Blue sky, 25°C, the ideal weather to solve strange JNI problems. So I spent another valueable free day to solve on of the mysteries of mankind: Why is my ShellExtension crashing? (For those who do not know what a Shell Extension is: In short you could say it is a custom icon in the Windows File Explorer, and I want to have it implemented in Java using JNI).
Everytime XP's Windows Explorer unloads and reloads my DLL (what happens quite often since the explorer seems to be instructed to free as much available memory as possible; I wonder why it not already had a heart stroke of all the stress it makes, looking at the log files) JNI crashs down. In fact I do not understand why. All it does is creating a Java VM using JNI, and in fact, the code is right (otherwise it would not run for the first time, too). So I logged a lot and drilled down to the core of the problem, and here is the result. If you ever want to use JNI, I hope you will remember this:
In fact, the JNI documentation is wrong. It currently says, a process can only created one JVM. In fact that is not really wrong (if you try it a second time, it will crash actually). But they forgot to tell you: You even cannot destroy your JVM and create it again. So actually the documentation should say: "A process can call JNI_CreateJavaVM only once.". In fact, that is what it works like. Sad, but true, you must always remember your JVM and must never destroy it. I wonder why there is a DestroyJavaVM method actually, since it seems to do nothing at all. Also I wonder why the JNI_GetCreatedJavaVMs method returns an array of JVMs, since it always either creates zero or one, but never more than one VM. Strange, isn't it. But again, it is how it works like, and Sun doesn't accept that to be a bug.
In fact I wonder what it should work like to get the correct heap and stack settings, because if someone else already created a JVM with "wrong" settings, you'll have to live with that!

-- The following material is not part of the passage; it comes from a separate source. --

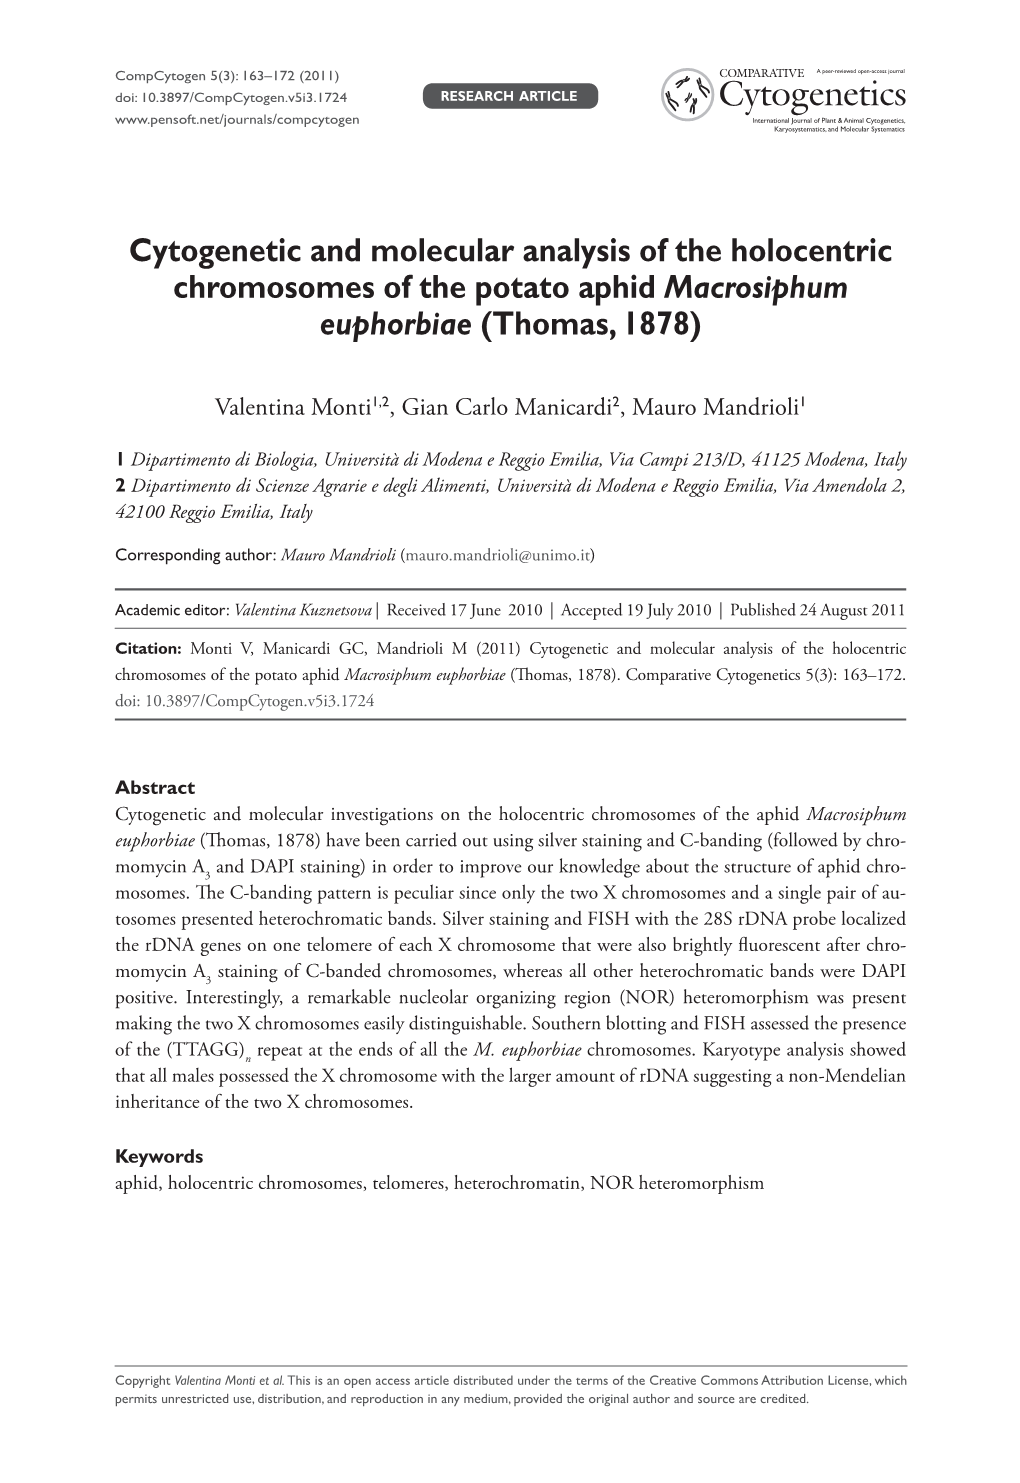 Cytogenetic and Molecular Analysis of the Holocentric Chromosomes of the Potato Aphid Macrosiphum Euphorbiae (Thomas, 1878)

So if you cannot remember of your already created JVM (e. g. because you are implementing a multithreaded DLL like a Shell Extension, or because some other Shell Extension is also based on Java and you do just not know about it -- yes, that's possible, since "One process must only call JNI_CreateJavaVM once" means really ONE PROCESS and not THAT PART OF THE CODE THAT YOU WROTE ONE YOUR OWN) the best algorithm to get a JVM is:
Call JNI_GetCreatedJavaVMs to find out whether there is a JVM already. If there is already one, AttachCurrentThread will allow the current thread to use it. If there is none existing yet, call JNI_CreateJavaVM to create one.

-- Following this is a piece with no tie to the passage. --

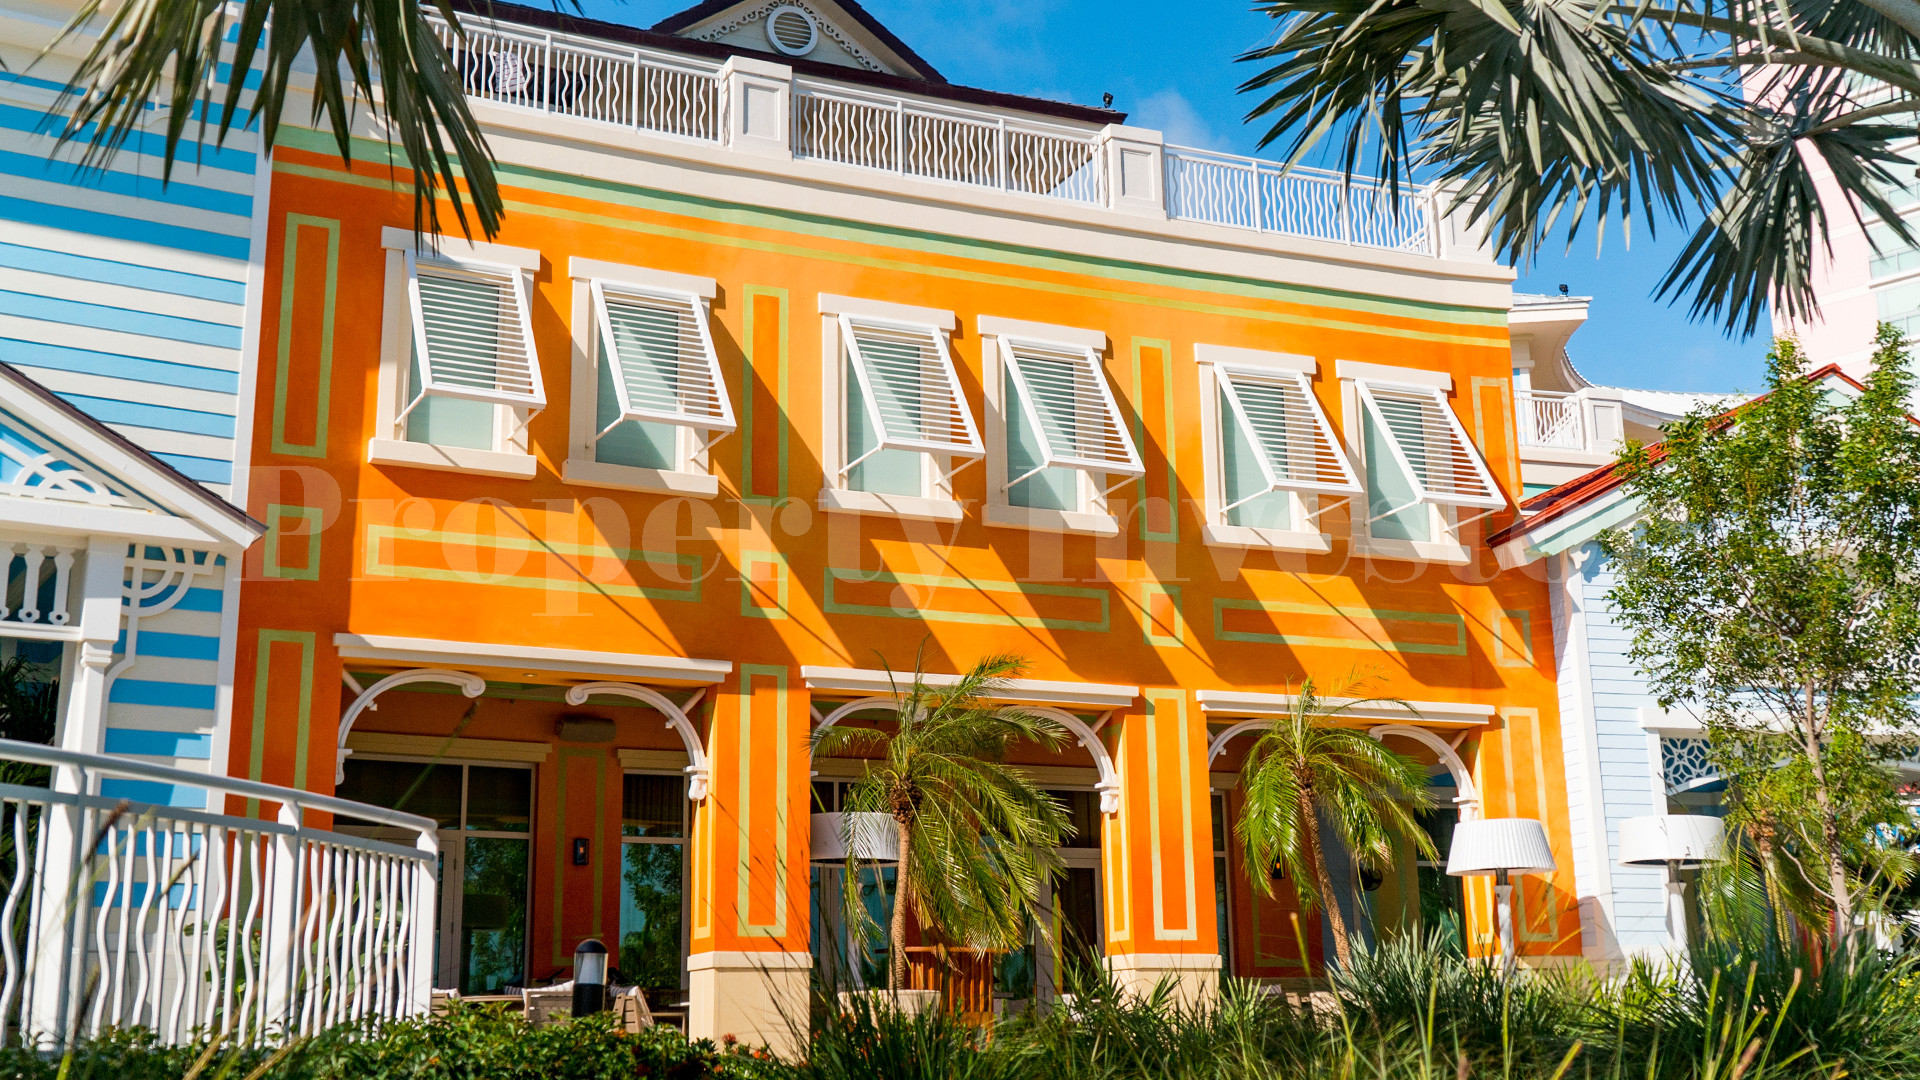 Продаются резиденции с 3 спальнями в апарт-отеле на Багамах (Residence 115)

Okay, so I learned about that, but still every other minute my Shell Extensions makes Windows Explorer crash down. Damned. There must be another problem.
And in fact, there is. It took me four hours, but finally I found out (and kicked my own ass for beeing so stupid): A Shell Extension is penetrated by lots of threads in parallel. It seems the Windows Explorer internally uses a myriad of threads in a pool and selects a thread by pure random for each method call. Well, actually I could imagine that it is not pure random, but that they have implemented the Windows Explorer as a lot of micro fibers to be at most scalable, what I think is a great design. But in the log, it actually looks like a weird sequence of calls, since it is so highly parallelized. Windows Explorer know quite well that most of its calls (like "load icon of entry" and "load text of entry") are not really a sequence and can be called in parallel. It is really calls them in parallel.
So what happens actually is that a lot of threads in parallel try to run the algorithm printed above. And it happens that all of them see that there is no JVM and create one. Stop! Remember, only to call JNI_CreateJavaVM once? Oops...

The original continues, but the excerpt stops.